Socjologowie od kilku lat monitorujący stan polskiego społeczeństwa nie mają wątpliwości: niezgoda wynikająca ze zróżnicowania postaw i zapatrywań dość niebezpiecznie pogłębia się. Na pierwszy plan wysuwają się zdecydowanie podziały światopoglądowe (wynikające ze stosunku do aborcji, eutanazji, mniejszości narodowych, orientacji seksualnych), niejako w ich tle pozostaje narastające zróżnicowanie społeczno-ekonomiczne (konfliktogenny podział na biednych, bogatych, ludzi sukcesu i tych, którzy sobie nie poradzili w warunkach gospodarki rynkowej). Jeśli pojawia się agresja, to przeważnie wynika ona z dominującego dziś w Polsce kulturowo-cywilizacyjnego podziału społeczeństwa. Podziału wszczepianego nam metodycznie – i trzeba to przyznać, bardzo skutecznie – przez lewicowo-liberalne media oraz przez znaczną część polityków.
To media wykreowały i podtrzymują ten podstawowy dziś rozłam wśród Polaków – na tzw. ciemnogród i cywilizacyjnie oświeconych. Ci pierwsi – wyśmiewani – czytają „Gazetę Polską”, prasę religijną, oglądają telewizje Trwam i Republikę, ci drudzy – sami zaliczający się do salonowej inteligencji – oczywiście są wierni „Gazecie Wyborczej”, TVN… Zważywszy na ogólnie malejące w Polsce czytelnictwo, można przyjąć, że politycznie oraz ideologicznie zorientowana agresja i nienawiść sączy się do naszych domów przede wszystkim z telewizji, a wprost kipi w internecie.

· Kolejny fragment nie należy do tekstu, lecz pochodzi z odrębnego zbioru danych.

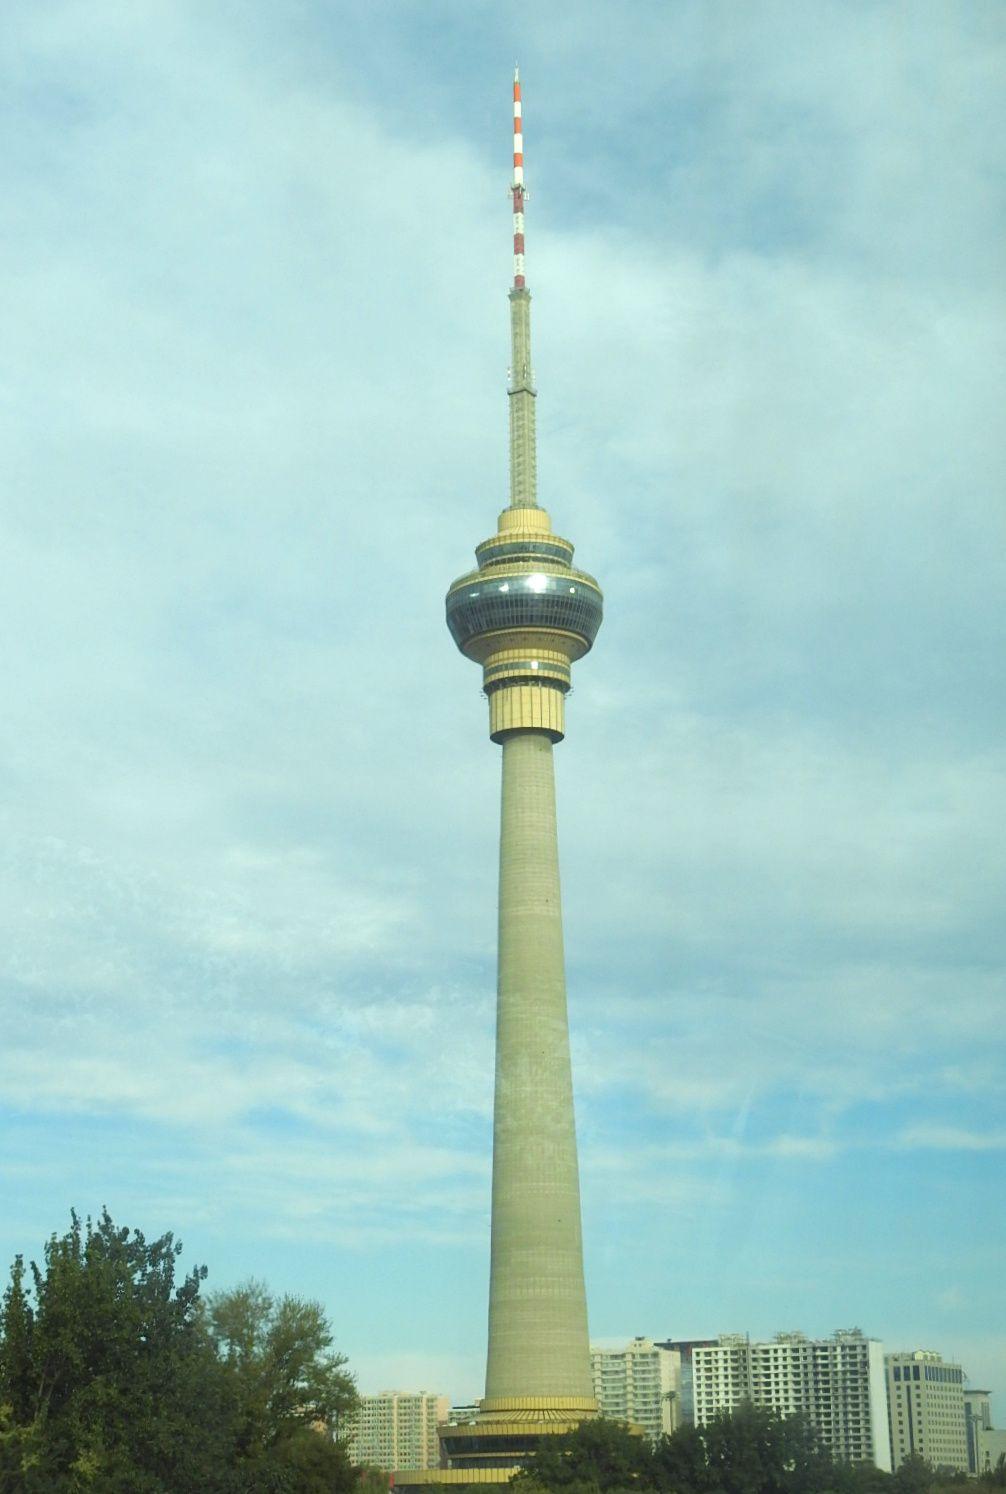 Radio & TV Tower of Beijing, China | Radio & TV Towers of

Trzeba przyznać, że internet jest tu bardziej demokratyczny i wolny, bo sprawiedliwie dopuszcza do głosu obydwie strony. Od wielu lat każdy publiczny spór przedstawia się w mediach jako niepotrzebną kłótnię wywołaną przez tę rzekomo bardziej kłótliwą, prawicową, część społeczeństwa. Dlatego też podstawową zasadą obowiązującą w dzisiejszym „dobrym towarzystwie” jest nieprzyznawanie się do poglądów innych niż lewicowe lub liberalne. Obowiązuje autocenzura podyktowana poprawnością polityczną. Zasada ta nie dotyczy wyłącznie warszawskich salonów; czasem bywa nawet bardziej restrykcyjnie egzekwowana na głębokiej prowincji, gdzie tęsknota za przynależnością do tzw. wielkiego świata jest bardziej nienasycona.
Ostrość dzisiejszych polskich podziałów to niewątpliwie wytwór „niepełnosprawnego” życia politycznego III RP, które, owszem, chętnie poddajemy ogólnikowej krytyce, ale nie chcemy brać w nim udziału, swe polityczne zaangażowanie ograniczając – i to coraz rzadziej – do jałowych kłótni podczas spotkań towarzyskich. Kłótni, z których niewiele wynika, jako że nawet nie chcemy nawzajem słuchać swoich argumentów. Najchętniej powielamy argumentację zaczerpniętą wprost z mediów, czyli propagandowe hasła, myślowe stereotypy, wmówione antypatie. A coraz częściej uciekamy w dyplomatyczne milczenie.

Pomóż w rozwoju naszego portalu

Wspieram

Odgórne inspiracje

Reklama

Polska scena polityczna po 1989 r. nie zdołała osiągnąć właściwej dojrzałym demokracjom struktury – tłumaczą politolodzy – stąd to zamieszanie w umysłach i postawach Polaków (nie wyłączając polityków), dlatego zamiast rzeczowej debaty – nieustanne przekrzykiwanie się.
W uproszczeniu mówiąc, doraźna walka polityczna prowadzona jest w zasadzie przez specjalistów od tzw. czarnego PR, co oznacza brutalne dyskredytowanie oponentów politycznych i całkowite wykluczenie rzeczowej debaty o naprawdę ważnych dla Polski sprawach. Spokojna dyskusja nie wchodzi w grę.
Kiedy doszło do tej blokady? Kiedy i kto na dobre rozniecił społeczną nienawiść? – zastanawiają się socjologowie. Nie wszyscy na szczęście przyjmują podpowiedź mediów i obecnie rządzącej formacji, że to wyłączna wina prawicy uosabianej przez Kaczyńskiego, Macierewicza i całe Prawo i Sprawiedliwość; prawicy coraz częściej ironicznie nazywanej „prawicą smoleńską”.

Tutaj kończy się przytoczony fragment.